Stockholm (HedgeNordic) The HFRI Women Index has returned an average of 4.4% over the past 5 years, outperforming the 4.2% return of the HFRI Fund Weighted Composite Index, which takes into account all strategies and genders, according to the Financial Times. The conclusion, supported by earlier academic studies, is simple: hedge funds run by women outperform those run by men in the longer term. This is despite an underperformance of 2.2% to 5.5% on the HFRI Women Index and the Weighted Composite Index respectively this past year.
The question, then, is why there are so few women in the industry, comparatively speaking. Fewer than one in 20 hedge funds employ a female portfolio manager. The root of the problem is the obstacles faced by women when trying to raise money from investors, according to Jane Buchan, chief executive of Paamco, a $24 billion fund of hedge funds. “Women have substantially less assets. That is a real issue, and it is not a performance issue… To get that same level of assets as a man, you have to outperform by 200 basis points,” Ms Buchan told the FT.

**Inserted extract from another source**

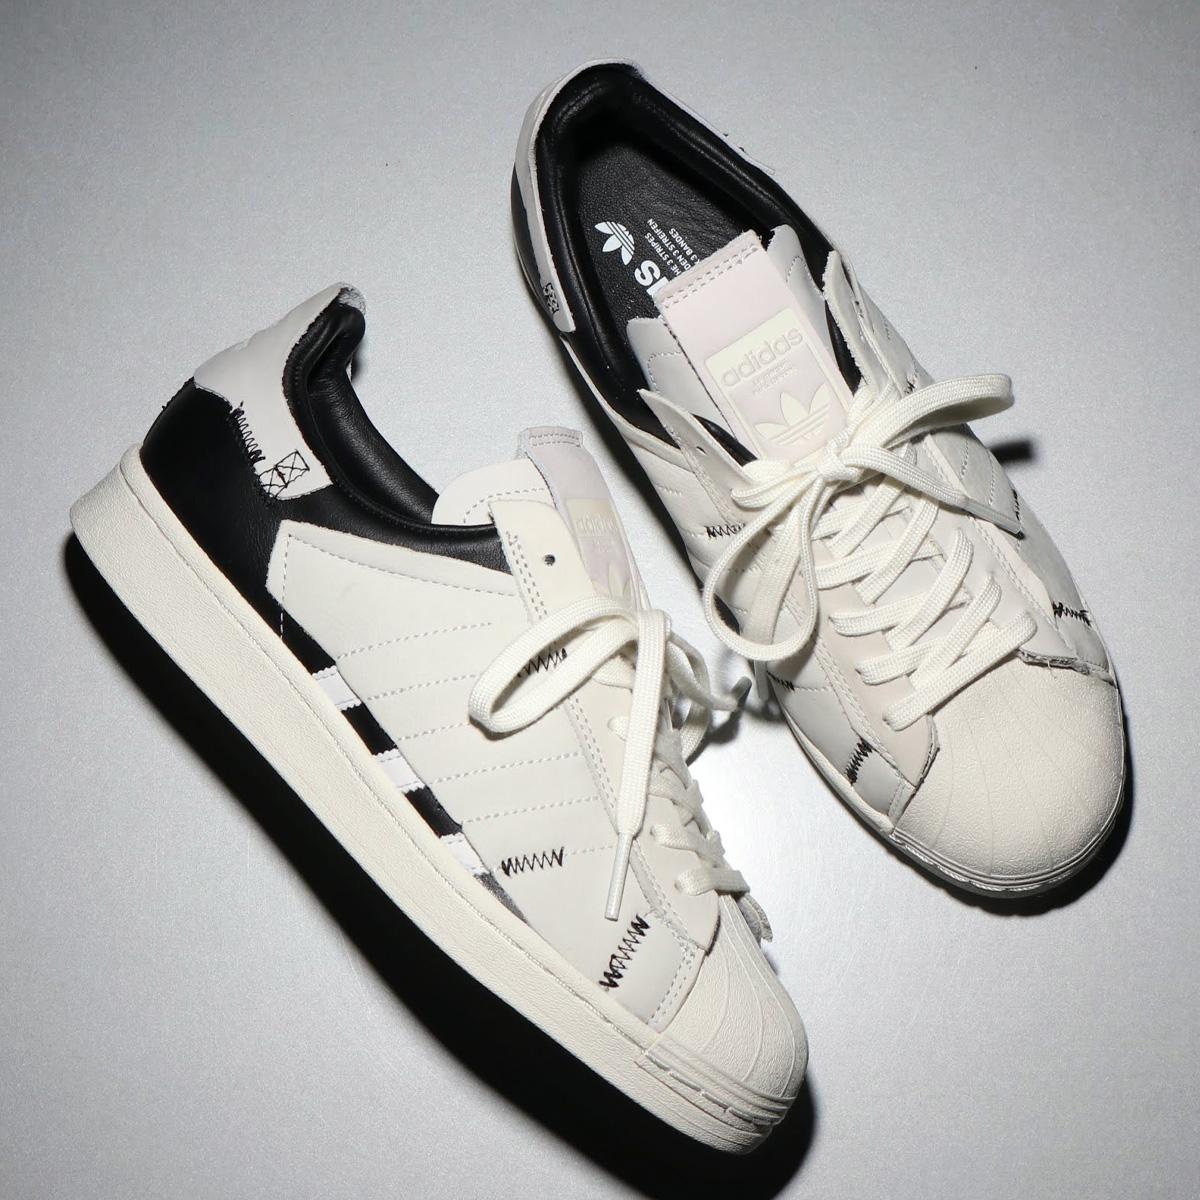 adidas SUPERSTAR(アディダス スーパースター)FOOTWEAR WHITE/CORE BLACK/OFF WHITE【メンズ レディース スニーカー】20SS-I

Only 439 hedge funds employ a female portfolio manager, compared with the 9,081 that employ a male investment manager, a study from Northeastern published last year in the Review of Financial Economics found. 79% of U.S. hedge fund professionals believe it is harder for women to attract capital from investors than for their male counterparts, the accounting firm KPMG found last year. As it is harder for women to raise assets when branching out on their own, the funds that do thrive tend to outperform, according to the Northeastern research.